Ситуация в Будапеште

We use cookies. Read the Privacy and Cookie Policy

Ситуация в Будапеште

Несмотря на то что венгерская столица была против воли своего населения объявлена фронтовым городом, жители Будапешта не позволили себя запугать. Они практически не обращали внимания на приказ о мобилизации, эвакуация осуществлялась медленно и в большинстве случаев только под давлением властей. И хотя город уже давно находился в пределах досягаемости русской артиллерии и авиации, а до передовой можно было добраться на городском трамвае, жители города прилагали все усилия, чтобы сохранять привычный им прежний стиль жизни.

«Будапешт как фронтовой город – нечто единственное в своем роде! – так выразил свое удивление и восхищение немецкий военный корреспондент Вернер Ханнеман. – На всех мостах через Дунай, соединяющих Буду и Пешт, через каждые двадцать шагов наталкиваешься на германского часового. Винтовку он не носит на ремне через плечо, а держит наперевес. Вдоль набережной Дуная, где вытянулись в ряд здания всемирно известных отелей «Риц», «Бристоль», «Хунгария» и «Карлтон» и где некогда в светлые летние ночи прогуливались под зажженными лампионами беспечные щеголи, тянутся колонны мобилизованных. Но, как и раньше, завсегдатаи кофеен встречаются в 17 часов в «Негреско» и лениво сплетничают, заплетая в косички бахрому скатертей, чтобы в 19 часов перекочевать в «Дюбарри» или в бар гостиницы «Хунгария», где заказывают себе давно привычный флип[62] или бокал отличного токайского. Иногда случайный русский самолет неприцельно сбрасывал в пригородах бомбу или давал несколько очередей трассирующими пулями. Ближе к вечеру советские артиллеристы посылали несколько тяжелых снарядов, которые рвались в городских кварталах. Но официанты продолжали сервировать столы в ресторанах, не обращая на все это никакого внимания. В течение дня по крайней мере три-четыре раза объявляли воздушную тревогу…»

Эти заметки отражают, однако, только часть облика того, что с начала декабря называлось «неприступным городом». Партия Салаши и правительство были в курсе всего, что происходило внутри и вокруг Будапешта. Внезапные облавы, преследования дезертиров и пораженцев, немедленное приведение в исполнение приговоров или негласные исчезновения противников режима – все было пущено в ход городскими партийными комитетами, действиями которых руководил двадцативосьмилетний служащий Эрвин Чики, а позднее представитель министерства внутренних дел доктор Эрнё Вайна.

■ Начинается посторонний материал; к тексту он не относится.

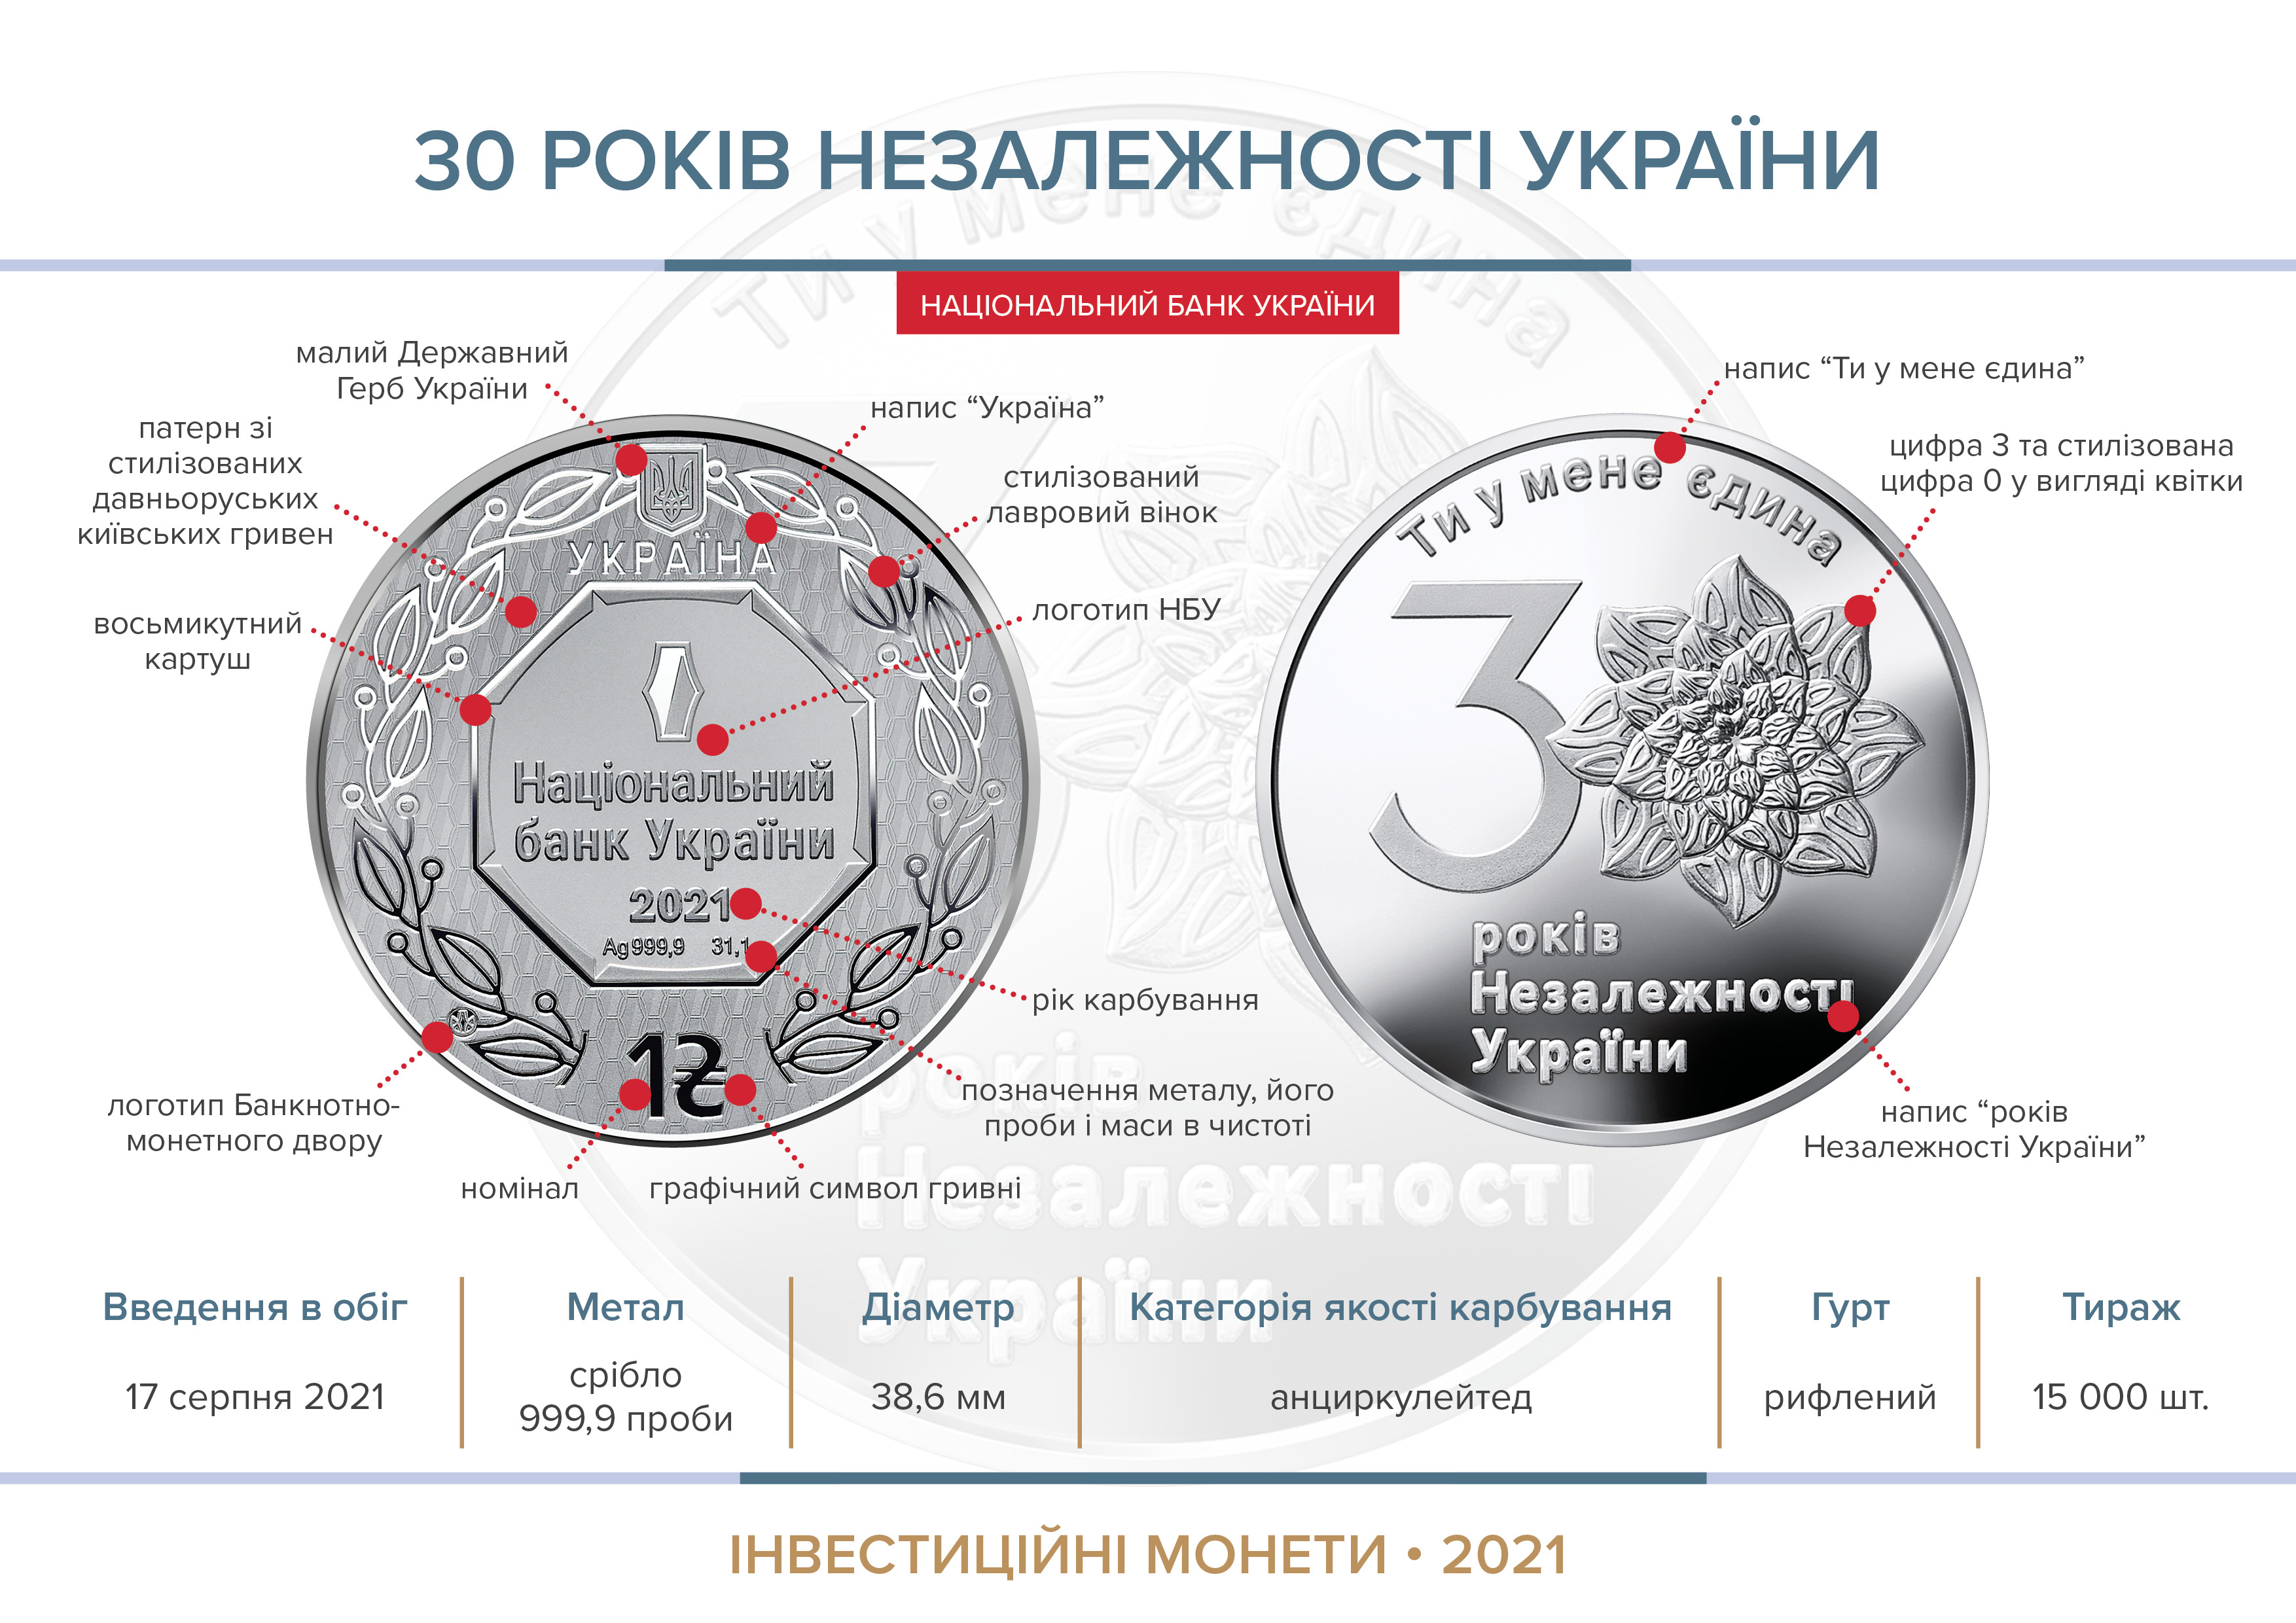 Інвестиційна монета "30 років незалежності України" (срібло) вводиться в обіг з 17 серпня 2021 року

Когда несколько позднее русские заняли город Вац и тем самым перерезали железнодорожную линию Будапешт – Братислава – Вена, все правительство в середине декабря покинуло город. Сам Салаши, вернувшись после встречи с Гитлером в Берлине, еще провел несколько дней в Будапеште, после чего перебрался в Кёсег, небольшой город вблизи западной границы Венгрии. Поскольку в Западной Венгрии больше не оставалось под контролем центрального правительства ни одного крупного города, министерства и другие органы центрального управления были размещены в нескольких маленьких городах, где они попытались продолжать свою деятельность. Полным ходом шла погрузка и отход грузовых судов, курсировавших по Дунаю, которые теперь осуществляли эвакуацию промышленных предприятий и перемещение сырья в направлении Австрии. Национальный банк закрыл свои кассы: весь объем наличности, 9 миллиардов пенгё, был переведен в город Дьёр, а золотой запас и валютные резервы – даже в австрийский Зальцбург. Культурные ценности – живопись, скульптура и другие предметы культуры – также были эвакуированы. Профессора, студенты и художники должны были покинуть город; труппам Оперного и Национального театров также было предложено уехать, как и высшим и средним государственным служащим. Исполнение всех этих мероприятий, однако, натолкнулось на сопротивление людей; мало кто был готов покинуть свой родной город ради неизвестной судьбы. Поэтому были введены жесткие санкции, военные власти строго карали сопротивляющихся эвакуации.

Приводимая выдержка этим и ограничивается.